343 So.2d 1166 (1977)

LOUISIANA INTRASTATE GAS CORPORATION, Plaintiff-Appellant,
v.
Roger C. EDWARDS et al., Defendants-Appellees.

No. 5835.

Court of Appeal of Louisiana, Third Circuit.

March 4, 1977.
Rehearing Denied April 5, 1977.
Writ Refused May 26, 1977.

*1167 Broussard, Broussard & Moresi by Marcus A. Broussard, Jr., Abbeville, Ellison, Gary & Field by David M. Ellison, Jr., Baton Rouge, for plaintiff-appellant.

Roger C. Edwards and Roger E. Boynton, Abbeville, for defendants-appellees.

Before WATSON, GUIDRY and FORET, JJ.

FORET, Judge.

Plaintiff, Louisiana Intrastate Gas Corporation, filed suit against defendants, Roger C. Edwards, et al., seeking to expropriate a pipeline right-of-way, and a valve station site on several tracts of land belonging to the defendants in Vermilion Parish. Plaintiff also filed suit against Randall Watkins Green, et als. in connection with the same pipeline right-of-way involving property in the same locale. The matters were consolidated for trial purposes, and we are considering them as consolidated for appellate purposes.

Prior to trial, plaintiff and defendants stipulated that plaintiff was entitled to the servitude and valve station site which it sought, and a judgment was accordingly prepared and signed resolving that issue. Trial of the matter was limited to the issues of the value of the land taken for the pipeline, the amount of payment due to defendants for the land use for the temporary work period during which the line was being laid, and the value of the valve station site, along with other damages, etc.

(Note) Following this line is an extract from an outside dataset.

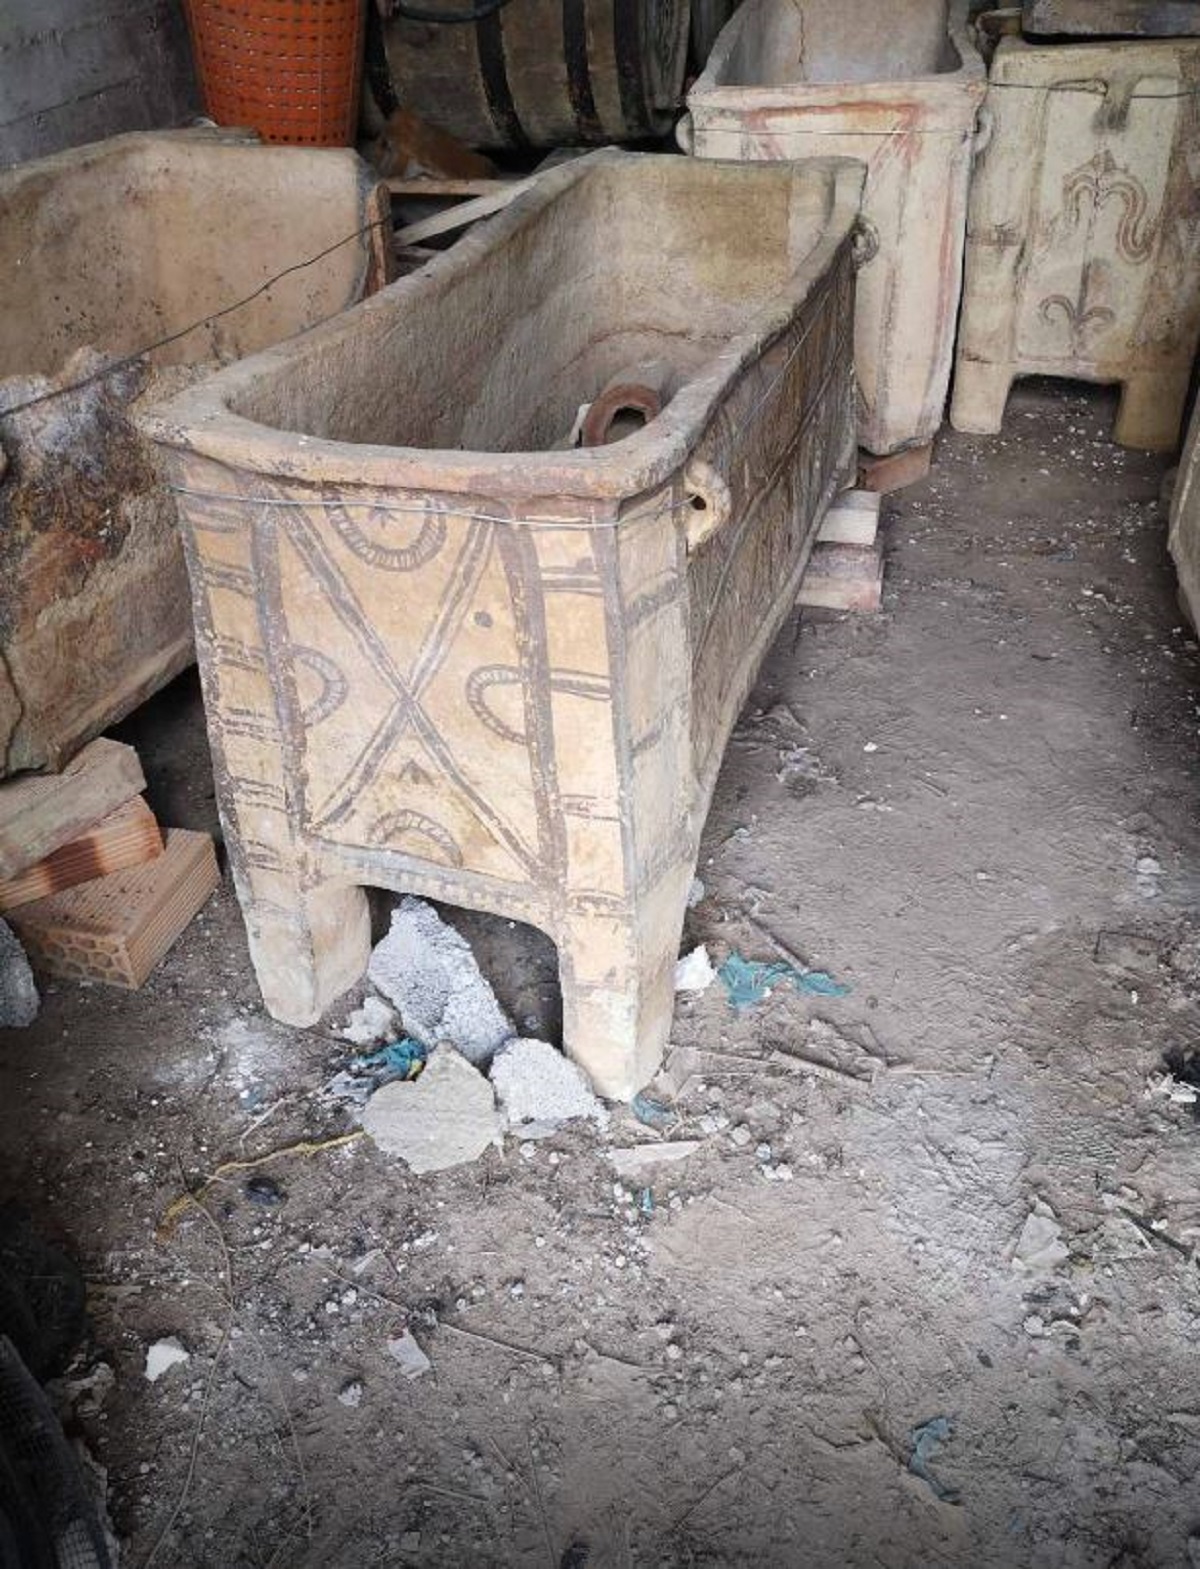 Ηράκλειο- αρχαιοκαπηλεία: «Πιθανόν από υστερομινωικό νεκροταφείο τα αρχαία» λέει στην ΕΡΤ η διευθύντρια της Εφορείας Αρχαιοτήτων Β. Συθιακάκη

The trial court handed down written reasons for judgment finding that the highest and best use of the properties involved was for a pipeline servitude, and awarded $5,000 per acre for the permanent rights-of-way and $1,000 per acre for the temporary right-of-way based upon that property's highest and best use as being rural farmland.

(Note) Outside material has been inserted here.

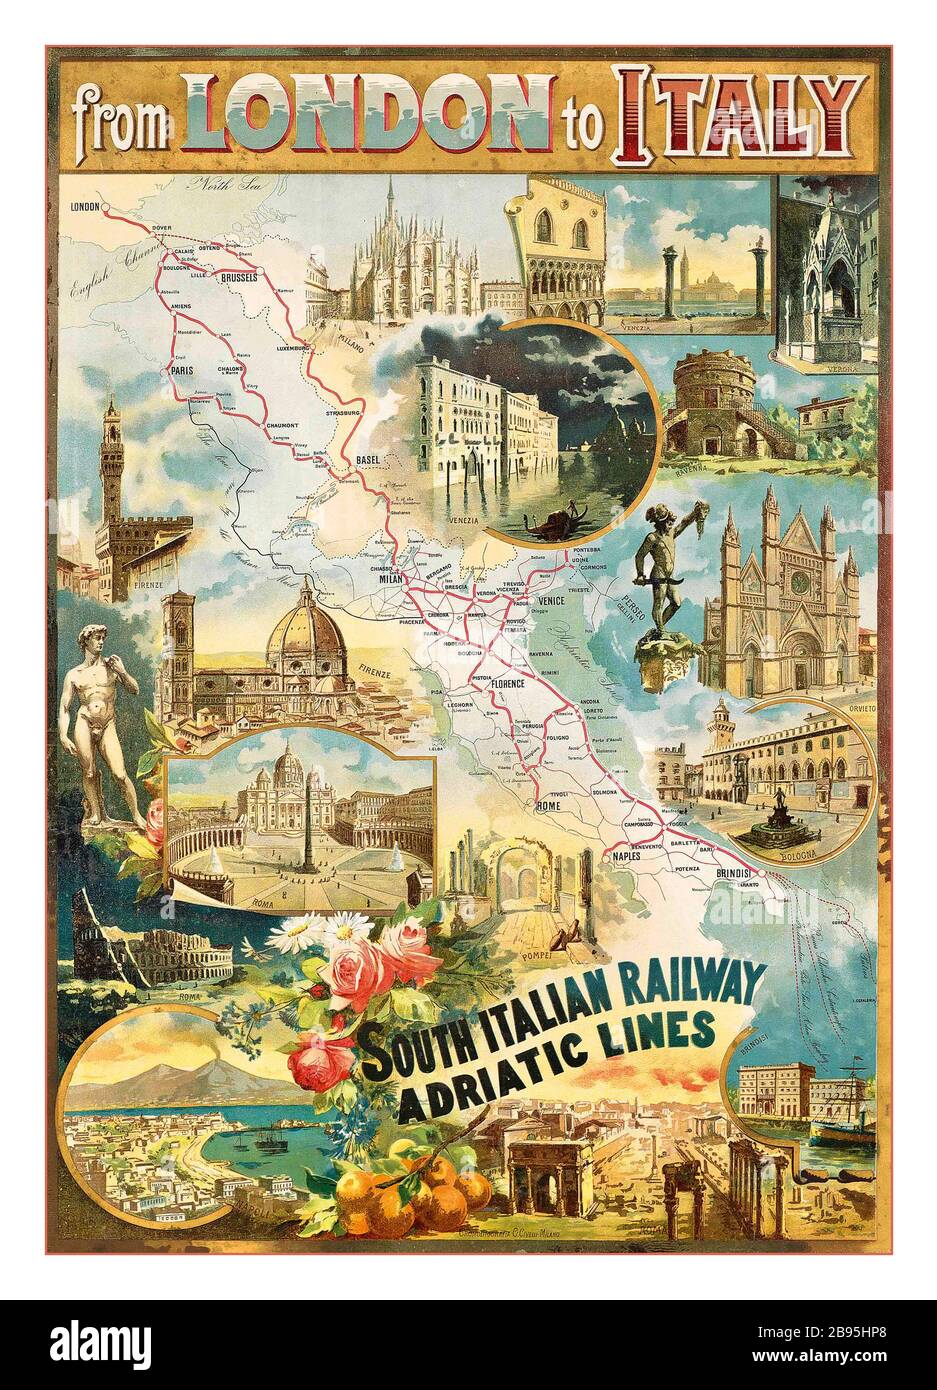 London nach Italien 1900 Eisenbahntransport-Vintage Travel Poster 1900s VON LONDON NACH ITALIEN mit süditalienischen Bahnadria-Linien, Farblithograph, gedruckt von G.Civelli, Mailand, Stockfoto

It also allowed the following damages:

(1) Trespass----------------------------$1,500
(2) Crop losses------------------------- 1,250
(3) Land leveling----------------------- 1,591
(4) Pasture damage----------------------   450
(5) Loss of valve site acre------------- 3,000
(6) Pumping----------------------------- 1,050

As to these items of damages, there is no dispute by plaintiff-appellant except for Item No. 5, loss of the valve site acre. Plaintiff-appellant claims this award to be excessive.

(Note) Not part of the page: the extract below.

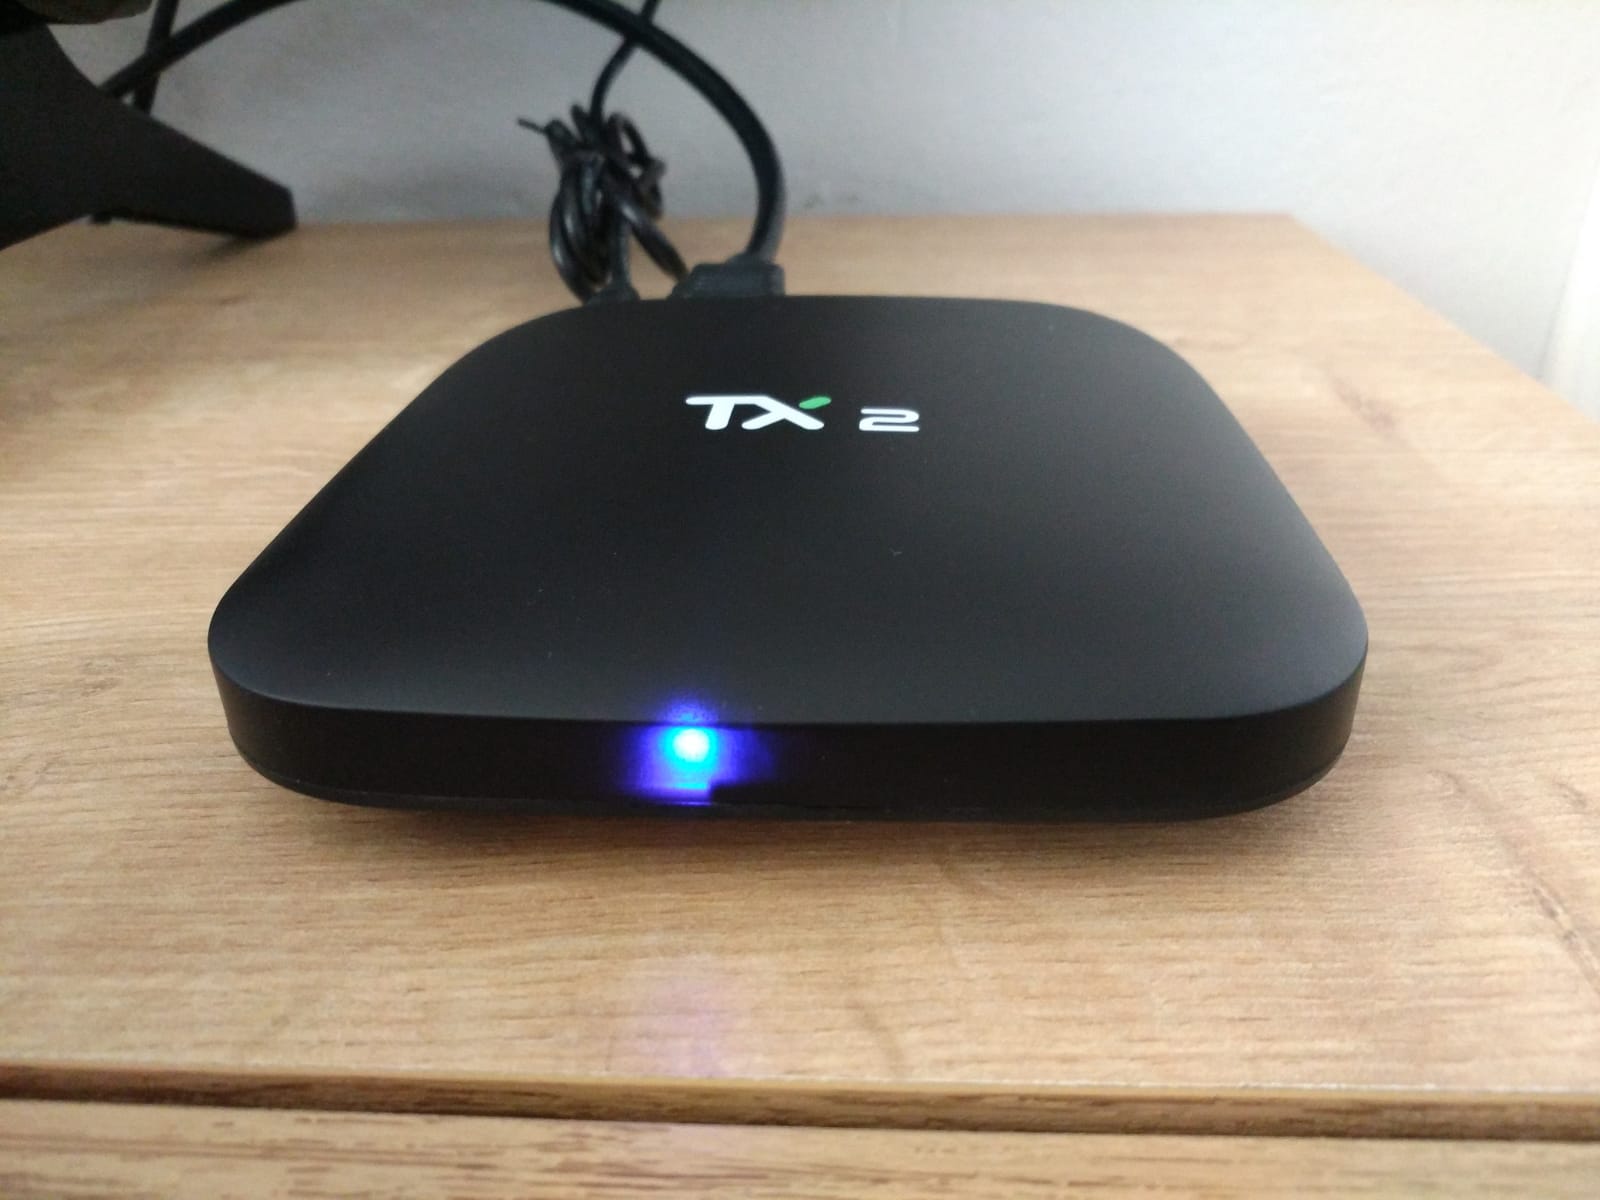 Tanix tx2 TV Box Ürün İncelemesi

Defendants have also appealed, contending that the trial court should have awarded $9,500 to $10,000 per acre for the pipeline servitude, and argue that additionally the trial court erred in placing a fixed amount for the taking of the valve station site on the basis of $5,000 per acre whereas defendants contend that the trial court should have fixed remuneration for the taking of the valve station site on a rental income basis which, of course, would have resulted in a much larger award for the property taken for the valve station. Plaintiff does not dispute that the defendants are entitled to severance damage to property surrounding the valve station site, but disagree on the valuation therefor awarded by the trial court.

The sole issues for this Court to decide are:
(1) the value of the land taken for the pipeline servitude
(2) value of the land used for the temporary work period, and compensation for such usage, and
(3) value of the valve station site and severance damage connected therewith (plaintiff has no objection to severance damage based on the value of $1,000 per acre).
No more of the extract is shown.